One of the purposes of the present invention is to provide a novel solar photovoltaic module that is safe to use in order to overcome the deficiencies in the prior art.

To achieve the above object, the present invention is achieved through the following technical solutions:

The novel solar photovoltaic module is characterized in that it comprises a metal back plate, an insulating layer is arranged on the surface of the metal back plate; a solar cell unit is paved on the insulating layer; an adhesive layer is paved on the surface of the solar photovoltaic cell unit; the adhesive layer bonds the solar cell unit to the glass panel.

According to an embodiment of the present invention, the arrangement of the solar cell unit is as follows:

Multiple solar cell units are connected in series to form a string;

The solar cell units are arranged in more than two strings, and the solar cell units in more than two strings are connected in parallel in units of strings;

Each solar cell in each string is connected in parallel with one of the solar cells in the other strings.

According to an embodiment of the present invention, more than two strings of solar battery units form a group, and each solar battery unit in each string is connected in parallel with one solar battery unit in other strings in the same group.

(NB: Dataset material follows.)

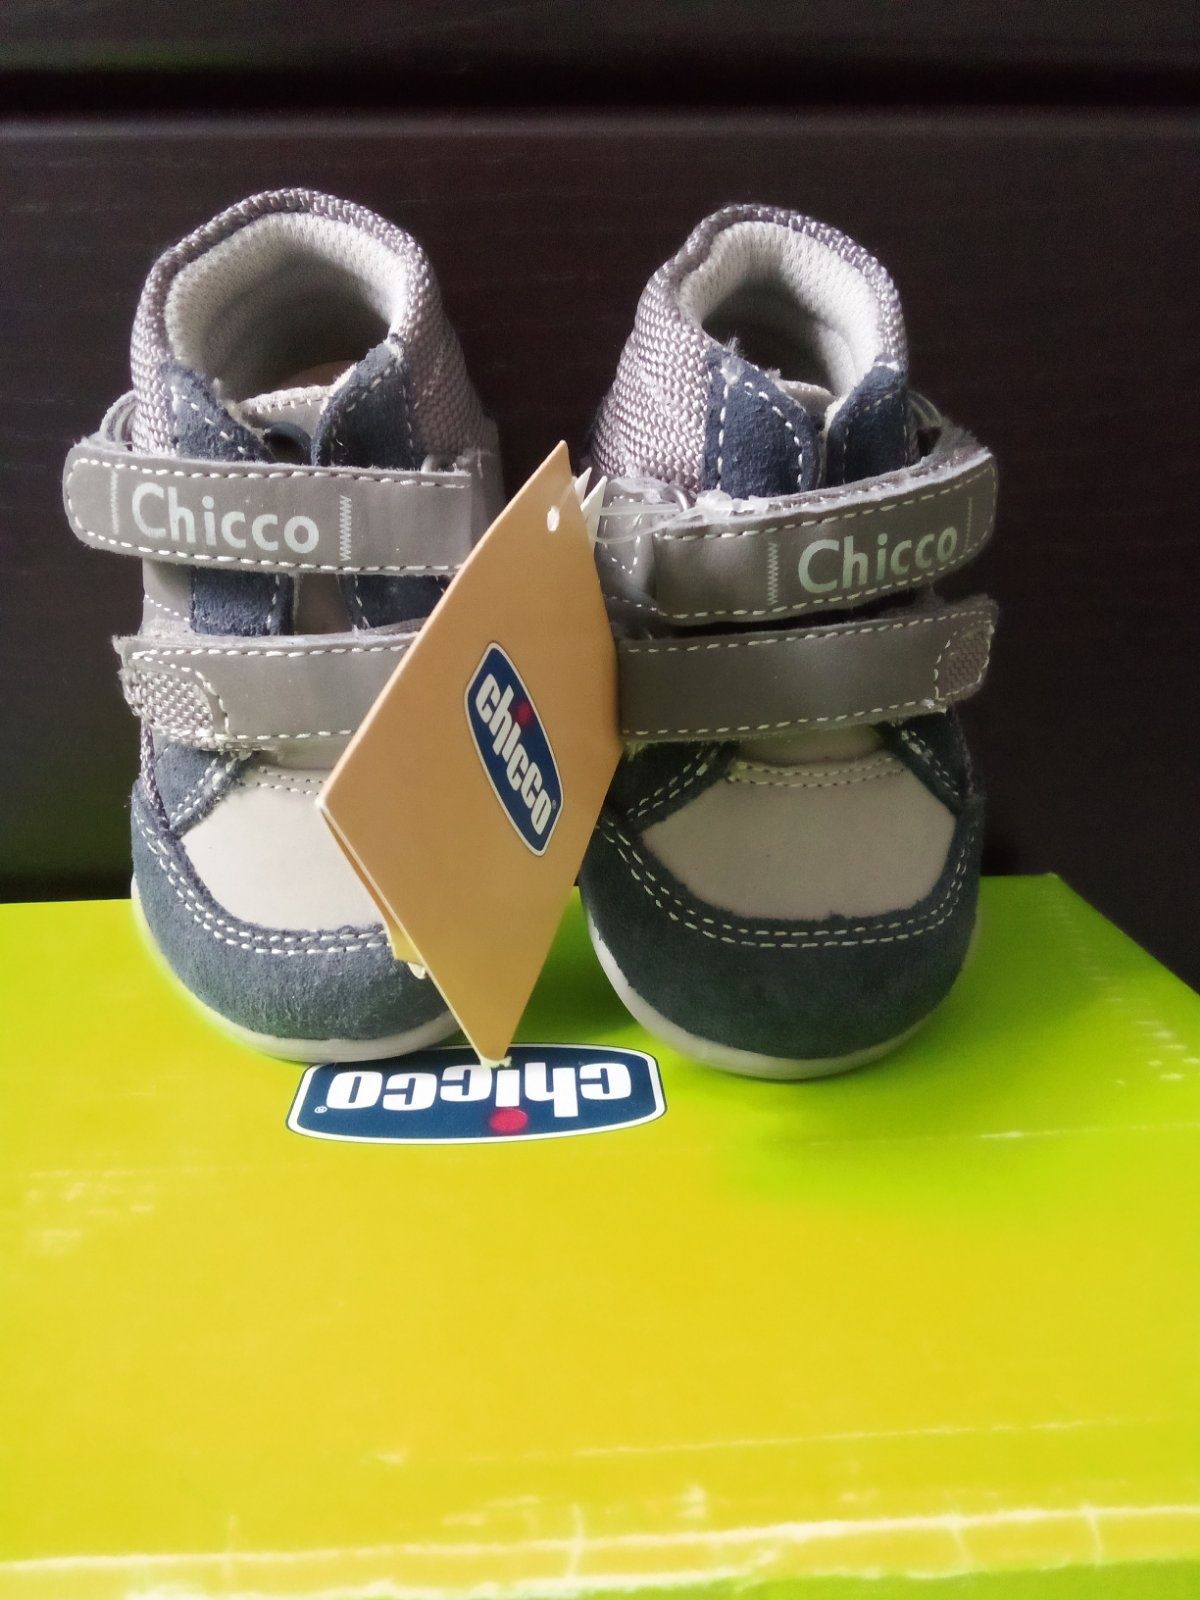 Дитяче взуття фірми chicco

According to an embodiment of the present invention, the solar battery units are arranged in two or more groups, and the solar battery units in two or more groups are connected in series in units of groups.

According to an embodiment of the present invention, the output positive poles and the output negative poles of multiple sets of solar cell units connected in series are located on the same side.

According to an embodiment of the present invention, more than two groups of solar battery units are connected in series through bus bars.

According to an embodiment of the present invention, the output positive pole and the output negative pole are connected with wires.

According to one embodiment of the present invention, the solar cell units are electrically connected by conductive tape.

According to an embodiment of the present invention, more than two strings of solar battery units are arranged in a vertical direction.

According to an embodiment of the present invention, the solar battery unit has a positive electrode and a negative electrode, and the positive electrode and the negative electrode are distributed on the side surfaces in the up-down direction.

According to an embodiment of the present invention, the metal back plate is an aluminum plate or an aluminum alloy plate.

According to an embodiment of the present invention, the insulating layer is a polyethylene film.

According to an embodiment of the present invention, the adhesive layer is an ethylene-vinyl acetate adhesive.

One of the purposes of the present invention is to provide a building photovoltaic integrated component in order to overcome the deficiencies in the prior art.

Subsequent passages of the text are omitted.